The Docker host can generate backups, but the backups are useless if they're stored in the same place.

This script is intended to be run on a different machine. It will scp the latest backup from a source folder and make sure disk usage doesn't exceed some limit in the destination.

Test Plan
  • I copy-pasted this script to my personal server, where I ran it to scp files over from my keyserver on AWS: bash/scp-backup.sh backups backups
  • I created dummy backups in the destination to fill up disk space
  • I made sure that when disk space was exceeded, the oldest backups got deleted first
  • I made sure that the cleanup never deleted all backups (there was always one left, even if it's bigger than the limit)

Diff Detail

Repository
rCOMM Comm
Branch
ashoat/backups
Lint
No Lint Coverage
Unit
No Test Coverage

Event Timeline

Overall logic looks good and makes sense, just some minor style fixes and should be ready to land!

keyserver/bash/scp-backup.sh
15–16 ↗(On Diff #13547)

Not that it really matters in this particular instance since the command ends right after the variable is set, but you can use a here string instead of the echo + pipe. In my opinion it looks cleaner and if the script did go further, you could run into some issues using echo.
{F77143}

30 ↗(On Diff #13547)

Good practice to double quote to prevent globbing and word splitting. Not going to go through every example, but there are other instances of variables that should be double-quoted on lines 15, 16, and 17.

40 ↗(On Diff #13547)

Another minor thing, but couldn't we combine the grep + awk command into one awk command by passing total as a pattern in awk? Not sure about performance, but I don't think it's any worse and it looks cleaner to me.

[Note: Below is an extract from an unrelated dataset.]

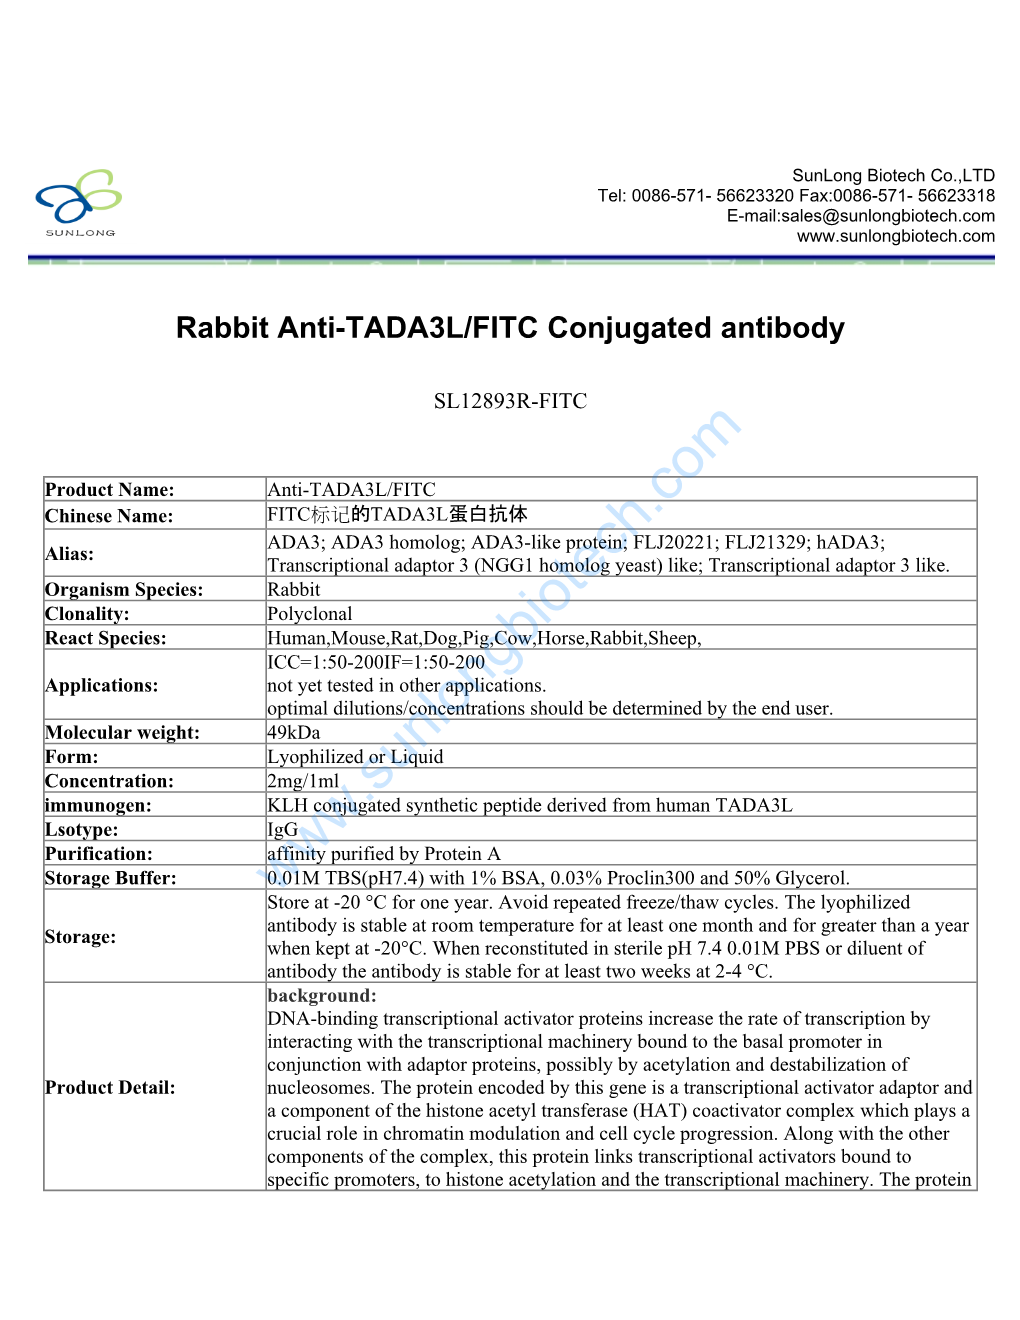 Rabbit Anti-TADA3L/FITC Conjugated Antibody-SL12893R-FITC

Also curious why we need the -c flag on the du command? Seems like (at least in my limited experience) -cs just prints the total number of bytes twice (except with a total describing one line). Is this just a sanity check or can this be removed? If it can be removed, we don't need the /total/ pattern match in the awk command.

44 ↗(On Diff #13547)

Another suggestion: since ls is intended to be human-readable, its output could change in the future. For this example it probably isn't necessary but just in case. Use find instead of ls to better handle non-alphanumeric filenames.

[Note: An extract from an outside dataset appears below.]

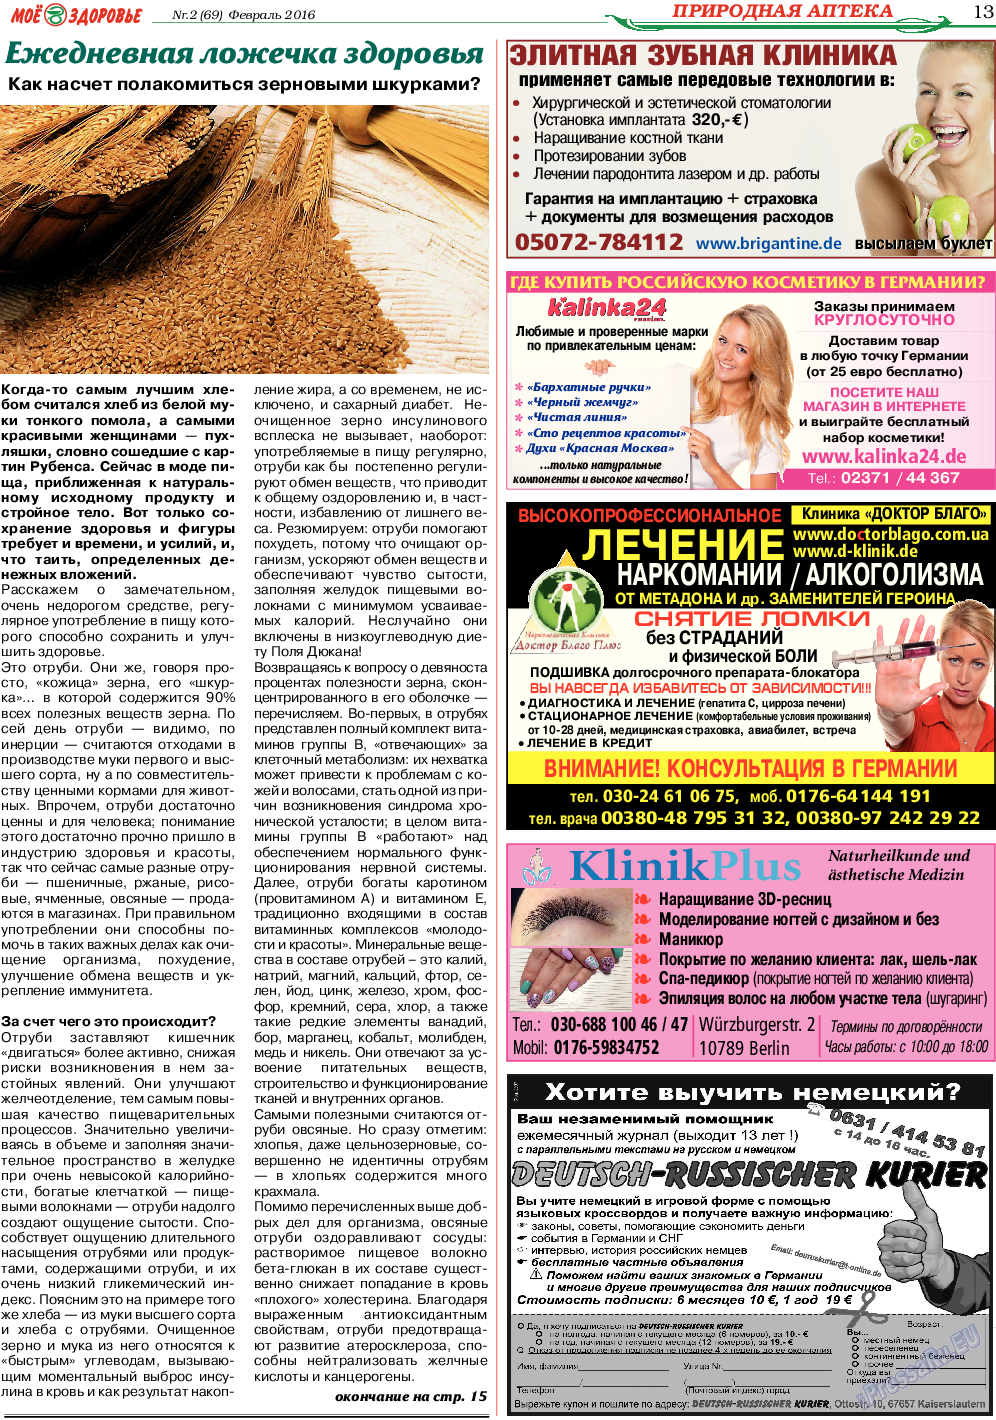 Кругозор, газета. 2016 №2 стр.13

You could maybe try something like this:
find "$SCP_DEST_FOLDER" -maxdepth 1 -name "comm.*.sql.gz" | wc -l

This revision now requires changes to proceed.Jun 17 2022, 10:05 AM

Great review!!

keyserver/bash/scp-backup.sh
15–16 ↗(On Diff #13547)

Looks like the attachment got dropped?

keyserver/bash/scp-backup.sh
15–16 ↗(On Diff #13547)

Huh, that's weird, I see it on my page (even after refreshing) but it isn't showing up if I open this diff in a window where I'm not signed in to Phabricator. Could be related to the "File not attached"/"referenced file" issue @atul was talking about the other day.

Let me know if you see it now, if not, it was just a screenshot of my shell showing that the cut command with the here string produced equivalent output to the echo + pipe:
{F77206}

Looks good to me! Accepting, assuming the Test Plan was retried on the latest version of the script.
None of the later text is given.